Menurut data Direktorat Jenderal Pengelolaan Utang mencatat total utang pemerintah sampai Juni 2011 sebesar Rp 1.804 triliun, naik Rp 127 triliun dari akhir 2010 sebesar Rp 1.677 triliun. Nominal utang itu bertambah karena penerbitan surat berharga negara (SBN). Sementara penambahan dari utang luar negeri relatif stabil.

Woowww, katanya kemarin Hutang Indonesia sudah lunas loch kok ada lagi yooo, siapa toh yang menikmatinya ..?? Jawabannya siapa haooo. Berhutang merupakan salah satu cara untuk menutupi APBN dari suatu negara, banyak negara tentunya selain Indonesia yang memiliki hutang kepada Bank Dunia. Jika pendapatan Indonesia mencapai Rp. 1000 T sedangkan pengeluarannya mencapai misalnya Rp. 1250 T jadi kekurangan Anggaran yang ada yaitu seperempatnya atau Rp. 125 M. Nah kekurangannya itu yang diajukan ke Bank Dunia untuk mendapat pinjaman dengan berbagai jaminan. Logikanya jika setiap tahun atau bahkan setiap bulan Indonesia berhutang lalu pembayaran yang dilakukan itu pembayaran apanya, apakah setiap tahun atau bulan harus berhutang. Ada istilah sedikit-sedikit pasti jadi bukit, ya inilah yang tergambarkan jika Indonesia berhutang terus pasti jadi Bukit hutang. Sepeti yang disebutkan diatas Hutang Indonesia sudah mencapai Rp 1.677 triliun. Yang menjadi pertanyaan kapan akan lunasnya kalau hutangnya bertambah terus. Nah yang selama ini dialokasikan untuk membayar itu beruaa pembayaran apa ya, cicilan hutang atau hanya pembayaran bunga dari hutang tersebut. Sungguh tragis jika pembayaran yang dilakukan adalah pelunasan hanya bunga dari hutang tersebut.

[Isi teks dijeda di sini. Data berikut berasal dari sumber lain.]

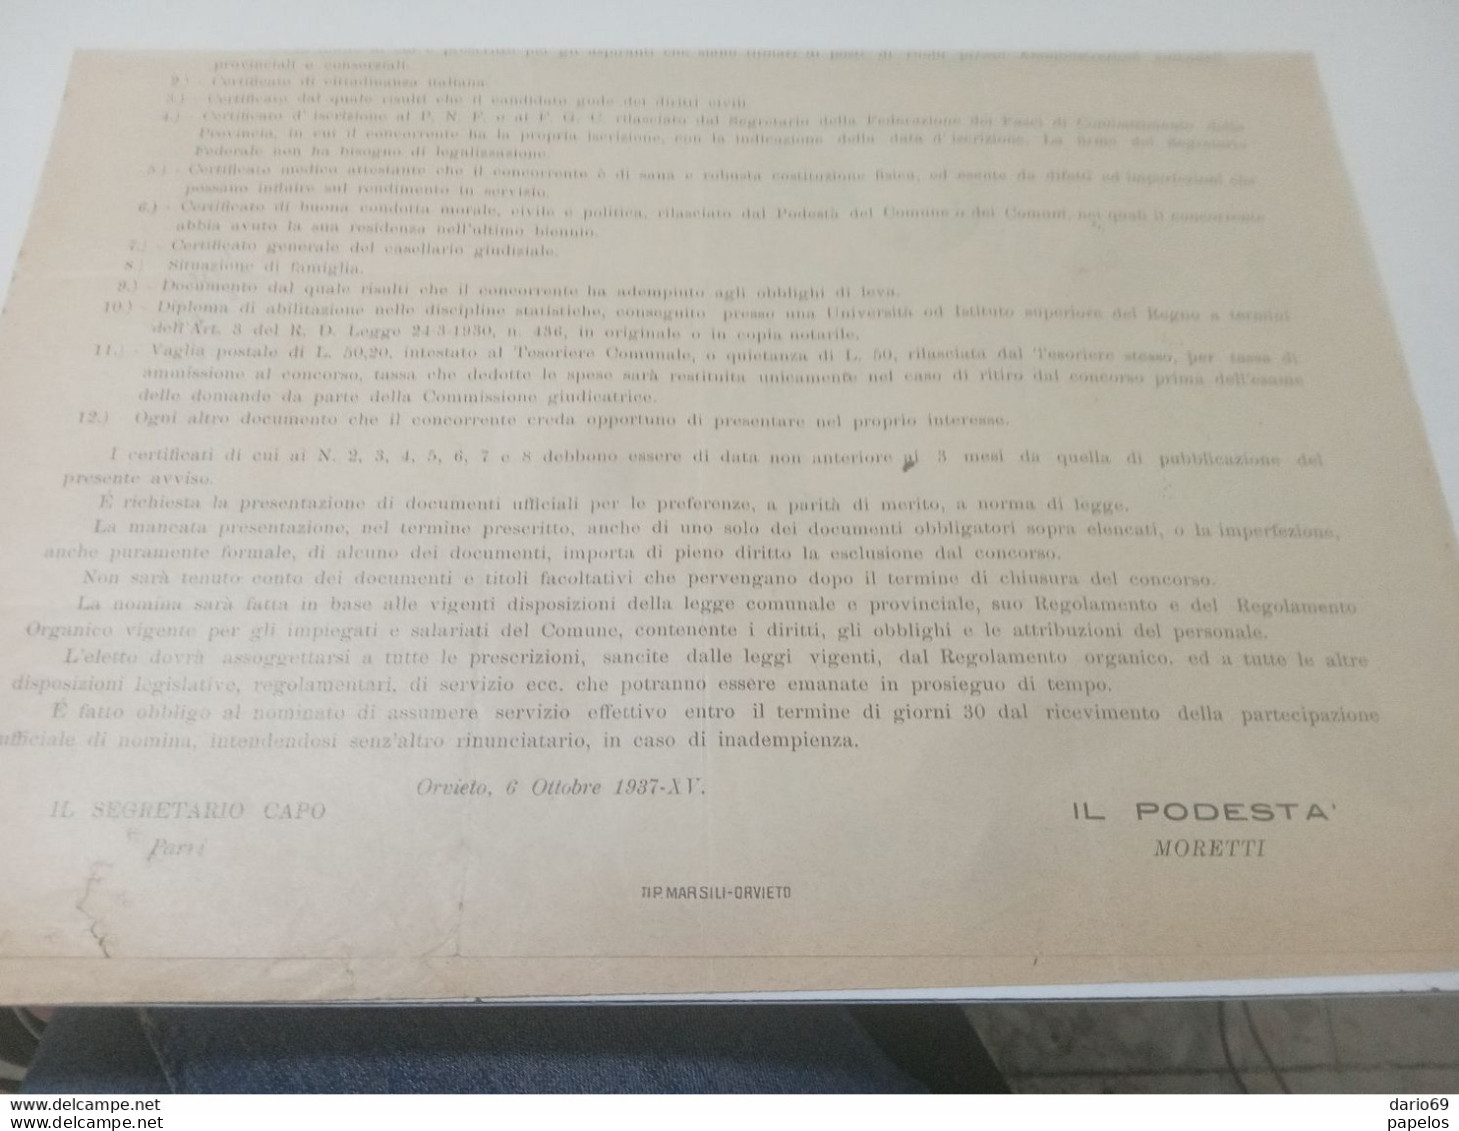 1937 COMUNE DI  ORVIETO CONCORSO PER IL POSTO DI CAPO UFFICIO DI STATISTICA - Documents Historiques

Kalau ngomongin hutang pasti ga ada habisnya, nah ternyata kita sebagai bangsa Indonesia ini secara tidak langsung sudah terkena imbas dari hutang yang bercucuran ke Indonesia. Jika Penduduk Indonesia mencapat 237.556.363 Jiwa maka perhitungannya yaitu Hutang dibagi Jumlah Penduduk. Sudah terbayangkan perhitungannya, yups benar perhitungannya adalah Rp. 1,677 T dibagi 237.556.363 berapakah jumlahnya ? Ada yang tahu, jika perhitungannya tepat maka itulah hutang dari setiap penduduk Indonesia dari Total hutang RI ke Bank Dunia. Tragis memang bahwa bisa saja bayi yang baru lahir sudah punya hutang.

Memang benar yang membayar adalah melalui pemerintah, tapi sebagai Warga Negara yang baik adalah dengan membayar pajak ke pemerintah. Nah, kalau kita sudah taat membayar pajak, baik makan dari restoran, bayar pajam PBB, Mobil dan Motor sudah pasti dilakukan. Kita sudah rajin bayar pajak eehh, ternyata uang penghasilan dari pajak dimakan seperti GAYUS dan bukan tidak mungkin banyak dan bahkan lebih besar dan banyak lagi GAYUS-GAYUS yang lainnya.

Oleh karena itu pemerintah diharapkan bisa menyelesaikan ini dan bukan malah dikorupsi terus bahkan Hukum bagi koruptor adalah hukum bermata pisau yaitu tajam ke bawah tumpul ke atas. Kalau buat maling ayam dan penjahat kelas teri hukum cepat sekali ditegakan namun jika pelaku koruptor bahkan penjahat kelas kakap sukar sekali ditegakkan bahwa sebelum dicekal sudah lari keluar negeri dan sembunyi disana.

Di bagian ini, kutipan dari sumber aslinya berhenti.